Austerity is Losing, But What's the Alternative? | Sojourners

Austerity is Losing, But What's the Alternative?

LIONEL BONAVENTURE/AFP/GettyImages
France's president-elect Francois Hollande and outgoing president Nicolas Sarkozy. LIONEL BONAVENTURE/AFP/GettyImages

The fight back against austerity is in full swing. This will be the overwhelming conclusion made as people look upon this weekend’s election results in France and Greece.

In both countries, the electorate decisively rejected the status quo – Nicholas Sarkozy failed to win a second term as the President of France (the first time this has happened in more than 30 years), while the two main parties in the Greek parliament barely scraped up one-third of all votes between them, paving the way for parties from the extremes of the political spectrum to gain significant portions of the vote.

Greece has, for many, been the poster child of the debt crisis. Politicians across the world (and especially in places like the United States and Great Britain) have taken every opportunity to warn their electorates that they could be ‘the next Greece’ if they don’t elect the right leaders (i.e., them). With images of rioting and destruction, and news reports about huge wage cuts and unbelievable levels of unemployment, such rhetoric rightly instills a huge amount of fear into populations.

Austerity has been at the center of these politicians manifestos, their plans of action to get Europe out of the mess it finds itself in. But now those self-same politicians are falling by the wayside, to be replaced with those who have campaigned vehemently against the austerity measures that have led to those scenes in Greece. At least a dozen Governments have been kicked out by their electorates since the start of the debt crisis.

At the same time as national elections in France and Greece, local elections in the UK and Germany also condemned the ruling parties to dismal electoral outcomes – according to The Atlantic:

 “This weekend also saw German Chancellor Angela Merkel's party, the Christian Democrats (CDU), take their worst results in 50 years, in an election in Schleswig-Holstein. Their coalition partners, the Free Democrats, did poorly as well.”

More than 700 local government officials from the two-party coalition that leads the British Government (the right-wing Conservatives and the ‘who-knows-what-they-stand-for-anymore’-Liberal Democrats) lost their seats in local elections across the UK, a dramatic statement from the British public at the economic plan that the government has been trying to administer. And it appears that Prime Minister David Cameron and his deputy, Nick Clegg, are still unwilling to admit that austerity is not what the population wants.

All across the European continent (and yes, Britain too), proponents of austerity are losing the argument and facing the political consequences. It is a concept that brought many of them to power in the fallout of the debt crisis, has now become “a dirty word”, and one that the ‘resurgent’ European Left continues to disavow. 

While we all know that “it’s the economy, stupid,” what effect do these one-issue elections have on the health of our world? What happens when we become so focused on the money in (or not in) our pockets, that other vital issues fall by the wayside? 
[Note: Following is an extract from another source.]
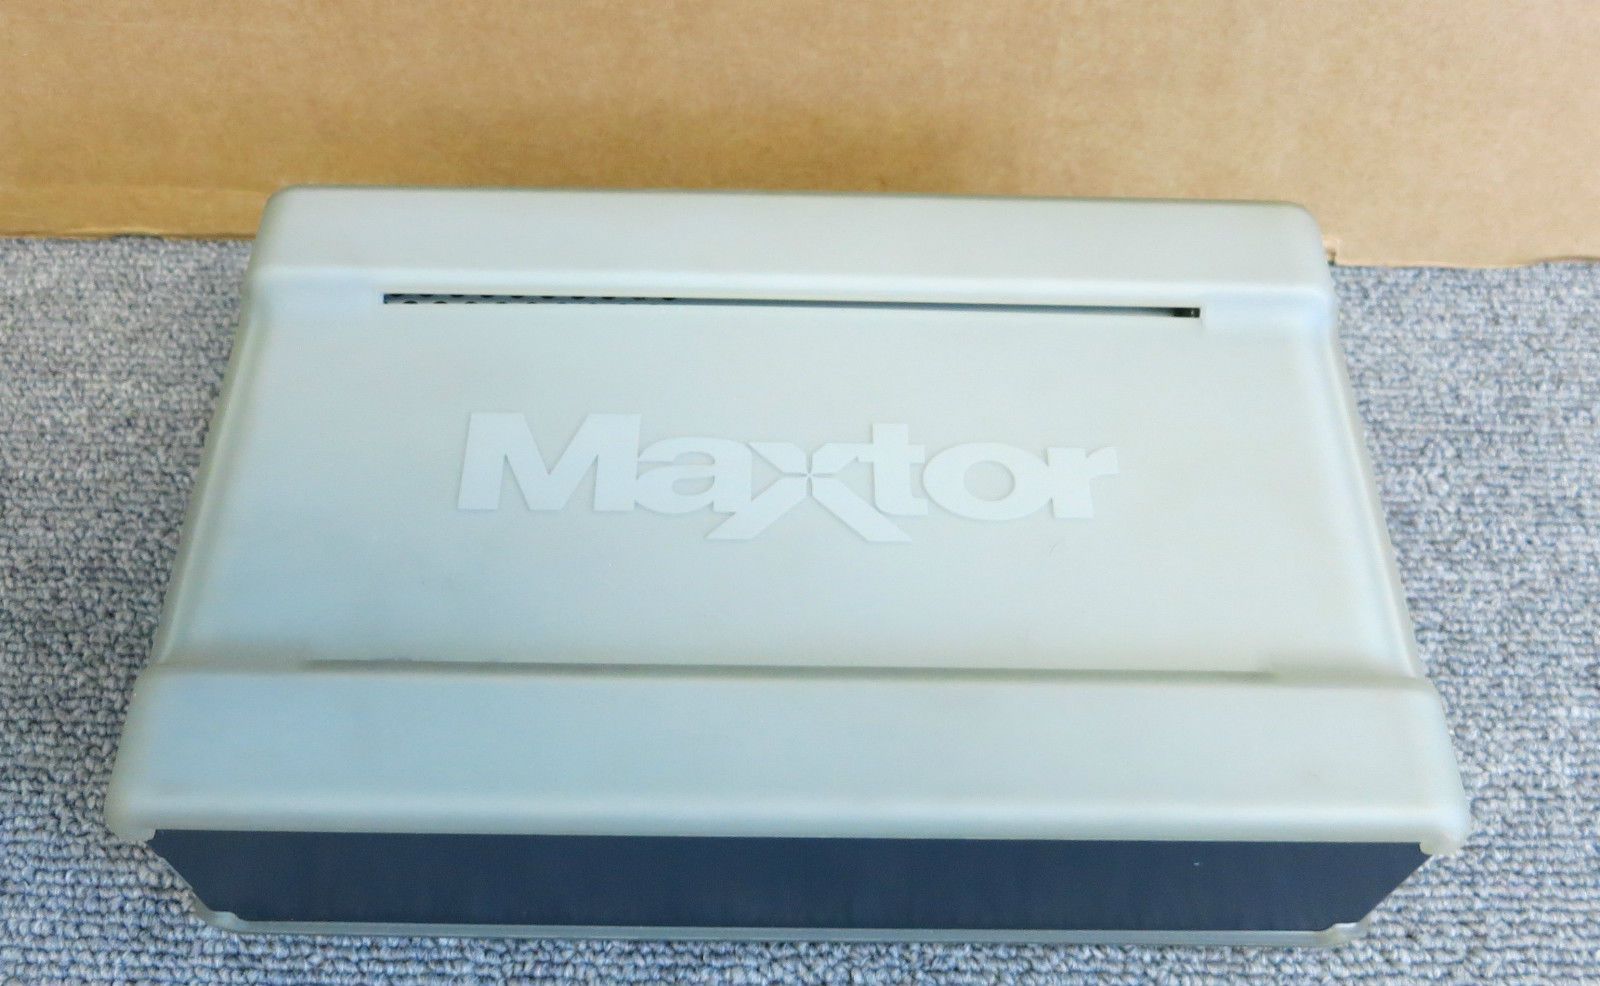 Maxtor shared storage drive 200gb

In their attempts to prove the ‘austerians’ (very different people from the Austrians) wrong, have those who see stimulus of the economy as the path to prosperity inadvertently lost sight of what is really important to the societies that they govern? Is there a risk that economic growth becomes an end goal, rather than a means to something greater – true human prosperity and investment in human capital? 
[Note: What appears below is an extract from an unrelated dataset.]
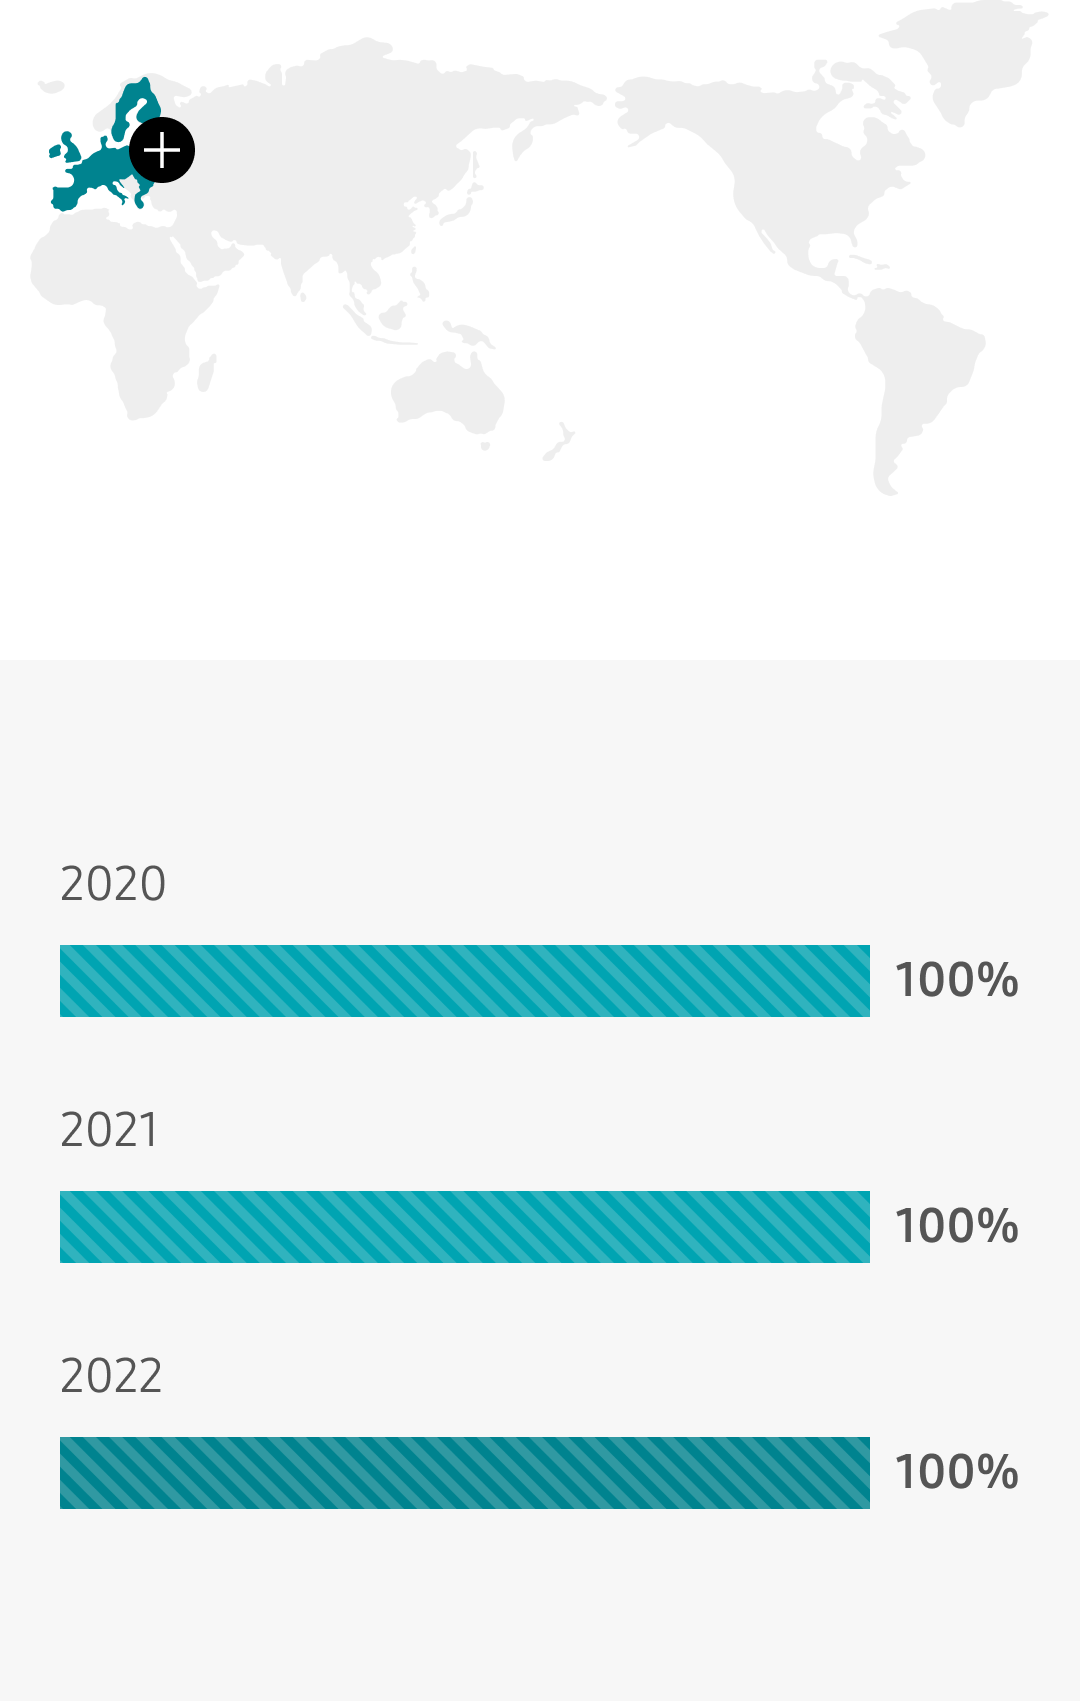 Europe 2019 95% 2020 100% 2021 100%

And not only do the foundational attributes of good governing get pushed to the wayside when the only debate being had is austerity vs. stimulus, but the political process also thrusts those on the extremes of the spectrum into the mainstream. When people are fearful, there is a worrying tendency for them to seek comfort from those not considered mainstream. We have seen this in Greece with far-far-right party Golden Dawn winning a number of seats in the parliament, and in France as President-elect Francois Hollande and Sarkozy both courted far-left and far-right supporters as they sought the winning votes in their run-off. 
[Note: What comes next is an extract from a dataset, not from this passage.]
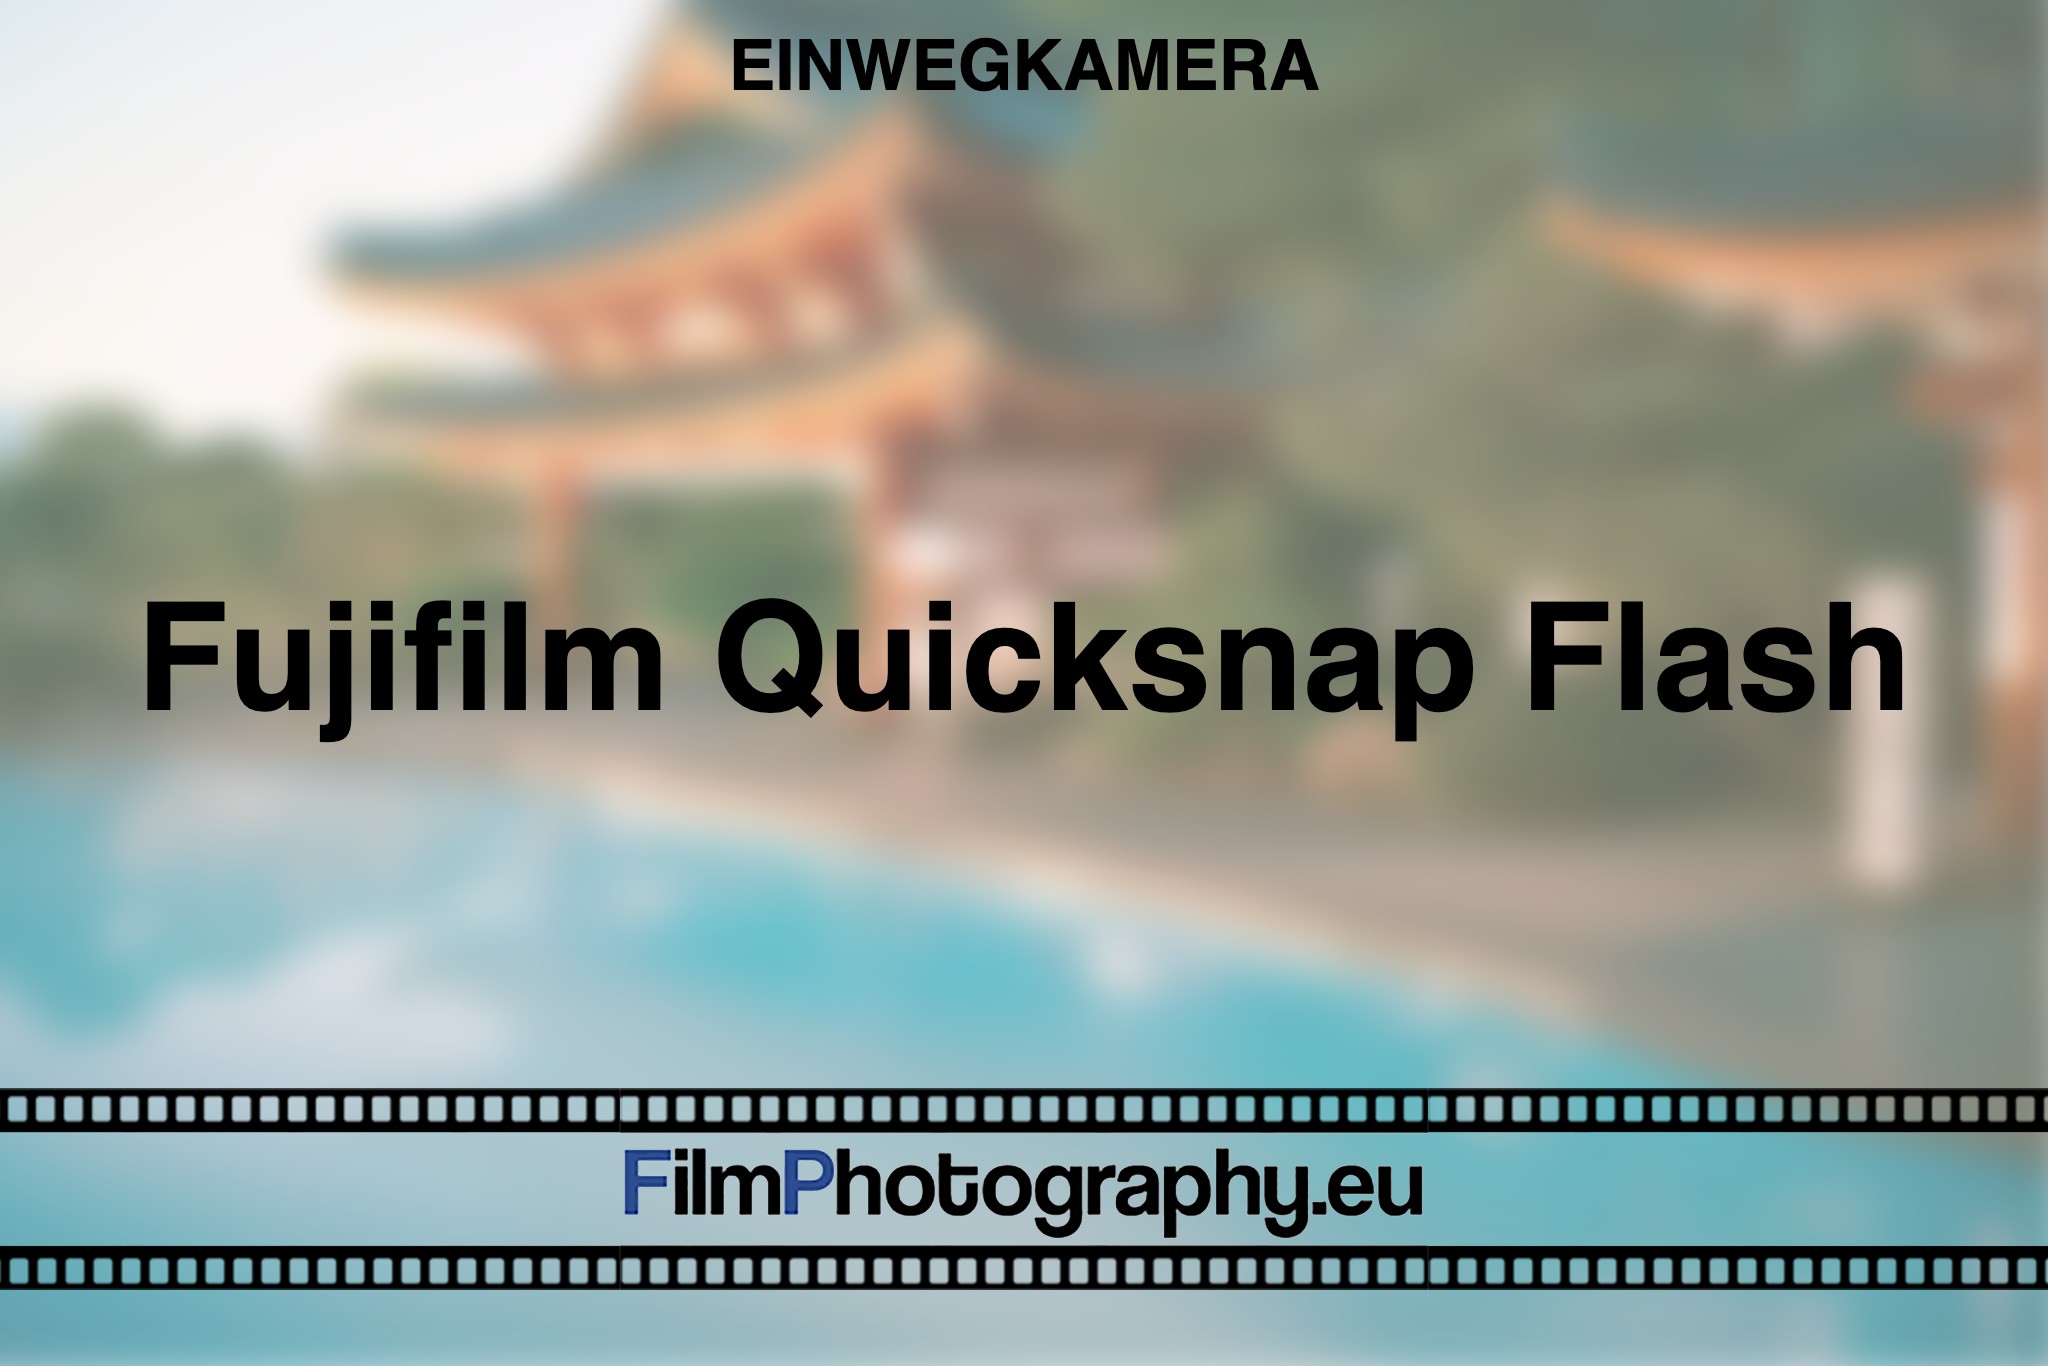 fujifilm-quicksnap-flash-einwegkamera-bnv

Indiscriminate cuts of national budgets are not the answer to economic hardships. And the electorate in Europe is showing their agreement with that observation at the ballot box. But their votes also risk creating new and potentially even more worrisome situations, with ramifications far beyond their nations’ budgets. 

Here’s hoping that the new leaders in France, Greece and the rest of Europe don’t forget that their role is not just one of counting nickels and dimes (or, in their case cents and euros), but is also about governing for the common good of their populations. Success in the former most certainly does not guarantee similar outcomes in the latter.